The size of their litters varies with the presence of prey. There is a cycle that happens when rain cycles increase and decrease. More water means more plant life and the number plant eating creatures such as insects, mice, rats, and rabbits increase followed by the size of meat eating predator populations. When the rain is down the opposite is true. All in all it is somewhat of a steady state.
If a person wants to live in a place with no wildlife I would suggest some high rise building with a pool on the top and a gym in the basement so he/she can live a completely sanitary lifestyle and never encounter any wild animal.
This story wreaks. Either the reporter has failed to accurately duplicate the actual information or the persons making the report are mistaken or intentionally misrepresenting this information.

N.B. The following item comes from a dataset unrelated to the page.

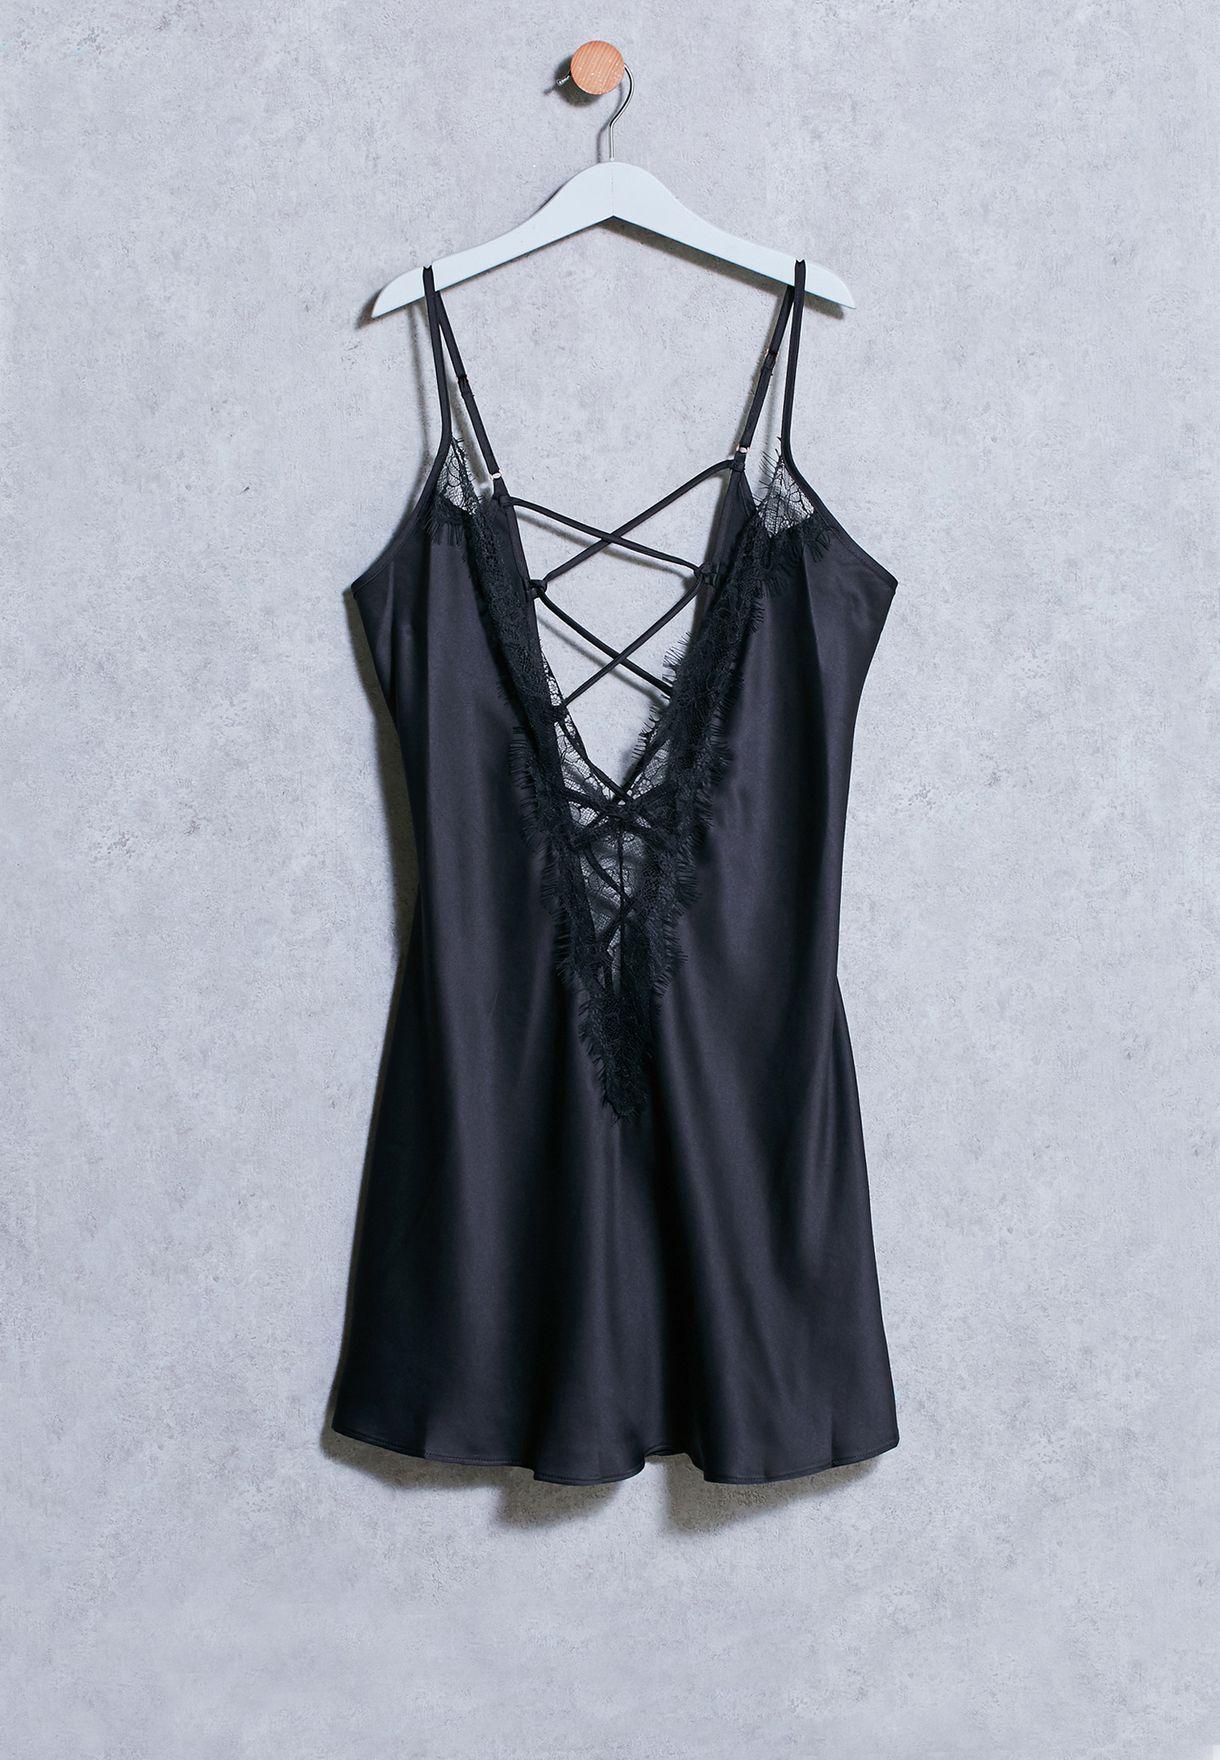 3a5124da936fb تسوق قميص نوم دانتيل ماركة آن سمرز لون أسود 02NWNSAS1151 في جميع ...

Occasionally people will feed coyotes and acclimate them to humans to the point that they seek out humans hoping that human will provide food but not to eat the human. We have had neighbors come and go who participated in such activities and then when they left the coyotes tended to look closer to other homes for handouts. This requires reverse conditioning until they go back to the fully wild state.
The practice of somewhat taming wild predators is of course dangerous because they are more comfortable around humans and might be in close proximity when some small child is unattended and possibly decide it is no different from any other small prey creature.
Many times in my life from the time I was a small teenager hiking above my parent's home to more recent times when watching out for my cat in the back of the house I have run directly at a group of coyotes who were attempting to cause some prey animal to become disorientated long enough for one to get in and make a kill. With my arms high and voice screaming ferociously, the coyotes ran in the other direction.
They are not very dangerous to humans who understand what they are doing. They are very skittish creatures.
I wish all these people who are the offspring of the people who used to visit California when I was young and ask us how we could live in such a primitive environment would just go back to New York City and leave our wildlife alone.